Neste primeiro orçamento de maioria, apresentado por José Manuel Ribeiro/PS, existem mais aspetos negativos que não podem deixar de ser denunciados. Mesmo advogando que o município está melhor em termos financeiros, os muitos constrangimentos que levaram a justificar a adesão ao Plano de Apoio à Economia Local (PAEL), colocam impedimentos na procura de soluções mais justas e acertadas para resolver os problemas correntes da sua população. Sabemos que a responsabilidade não é apenas do atual executivo, mas, também durante o mandato transato, não houve cuidado em inverter situações que podiam dar um sinal efetivo que o rumo a seguir seria outro.

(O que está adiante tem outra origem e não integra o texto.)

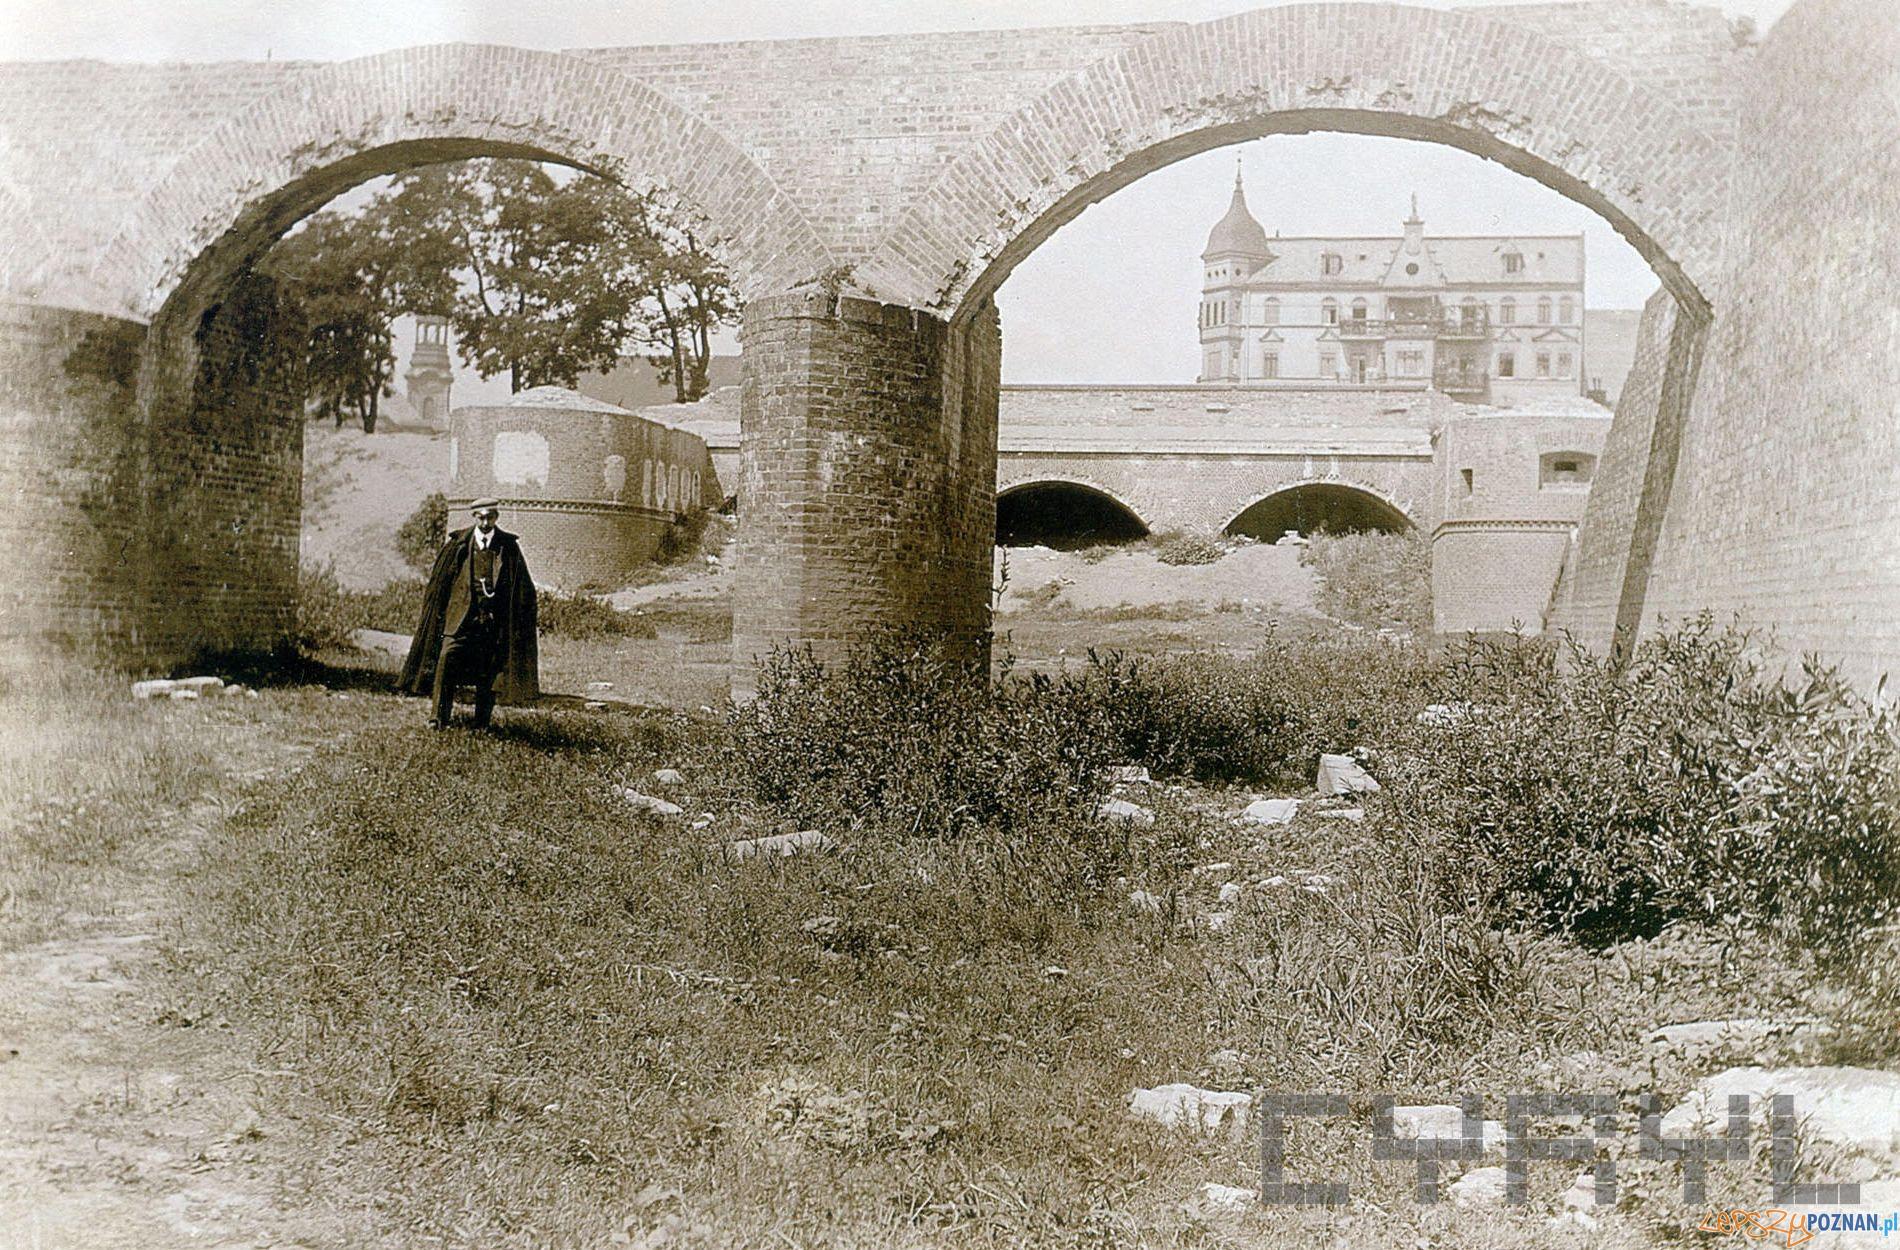 Śluza Grobelna 1911  Foto: Joseph Latzel Ze zb. Brigitte i Everhardta Franßen CK Zamek - Cyryl

Ao longo do mandato anterior, a CDU mostrou ser uma voz incómoda para o atual presidente que sempre nos acusou de estar a bloquear o que pretendia implementar. Criticamos o rumo de privatizações/concessões de serviços e equipamentos, defendendo que podiam ser renegociadas de outra forma, nos momentos certos, mesmo de forma faseada e prolongada, tendo o Município ganhos no futuro.

 

Com o Programa Operacional Regional do Norte 2020 (POR Norte 2020) foram disponibilizadas novas potencialidades para a realização de investimentos importantes que devem ser devidamente aproveitadas pela autarquia. De facto, devido a opções duvidosas tomadas ao longo dos anos, o Município ficou a perder ao nível da sua capacidade de investir de forma séria, perdendo oportunidades que fugiram para concelhos vizinhos. Aliás, a CDU defende que não se pode perder estas nova circunstância, mas o Município não se pode alear das suas próprias responsabilidades, ter autonomia própria e peso político para defender a sua população.

 

É certo que passamos a ter um orçamento com um valor global na ordem dos 49 milhões de euros, um aumento fruto das transferências de capital (perto dos 13,8 milhões) para a continuidade de projetos inseridos no PEDU e a Requalificação e Modernização de Escolas. Ora, esta situação positiva, não pode ser descurada do seu devido planeamento e respetiva concretização, devendo existir, por parte do Município, uma vontade plena por arrecadar mais investimento em áreas fulcrais, como na educação e habitação social, sem negligenciar o desenvolvimento económico, social e ambiental do concelho.

 

Esta proposta mantém o paradigma de privatizações/concessões dos principais serviços municipais, não contendo qualquer sinal de alterar este rumo desastroso. Desde o estacionamento na via pública, a recolha do lixo, as refeições escolares e as águas e saneamento vão continuar em mãos de privados, com agravamentos substanciais, com elevados custos para o erário público e para as populações. Aliás, no mandato transato, teria sido possível iniciar processos de inversão de parcelares de alguns destes serviços, mas, novamente, preferiu-se manter situações que, com o decorrer do tempo, se tornam cada vez mais difíceis de mudar.

 

Em relação à análise do mapa de pessoal, importa referir que apesar do aumento do número de assistentes operacionais de ação educativa, verifica-se, que não existe um aumento efetivo da capacidade de intervenção do Município na resolução dos problemas, porque há 20 postos de trabalho previstos para eventual consolidação das mobilidades intercarreiras que irá extinguir os postos de origem.

 

No que concerne ao plano de atividades e orçamento da Vallis Habita para 2018, ao nível da reabilitação, é de referir que não cumpriram o prometido, ou seja, não foram capazes de concretizar a reabilitação do seu próprio património, necessitando de transitar para o próximo exercício a conclusão das obras no E.H.S. do Calvário.

 

Em conclusão, a proposta de Orçamento, Grandes Opções do Plano e Mapa de Pessoal do Município de Valongo para 2018 resulta de uma intenção negativa de provocar mais problemas para o município e, dessa forma, não podemos viabilizar.

 

.: cduvalongo às 09:28

No anterior mandato, a 10 de maio de 2017, com o PS em minoria, foi negociado o 2º Aditamento ao Contrato de Concessão dos Serviços de Água e Saneamento. Após ter sido chumbada a primeira proposta do PS que levaria a aumentos escandalosos deste bem essencial, foi necessário recorrer a uma comissão paritária, que apesar de tudo, conseguiu uma proposta melhor do que aquelas que foi apresentada pelo PS. Mas mesmo assim, aos aumentos do preço deste bem essencial, os valonguenses não escapavam.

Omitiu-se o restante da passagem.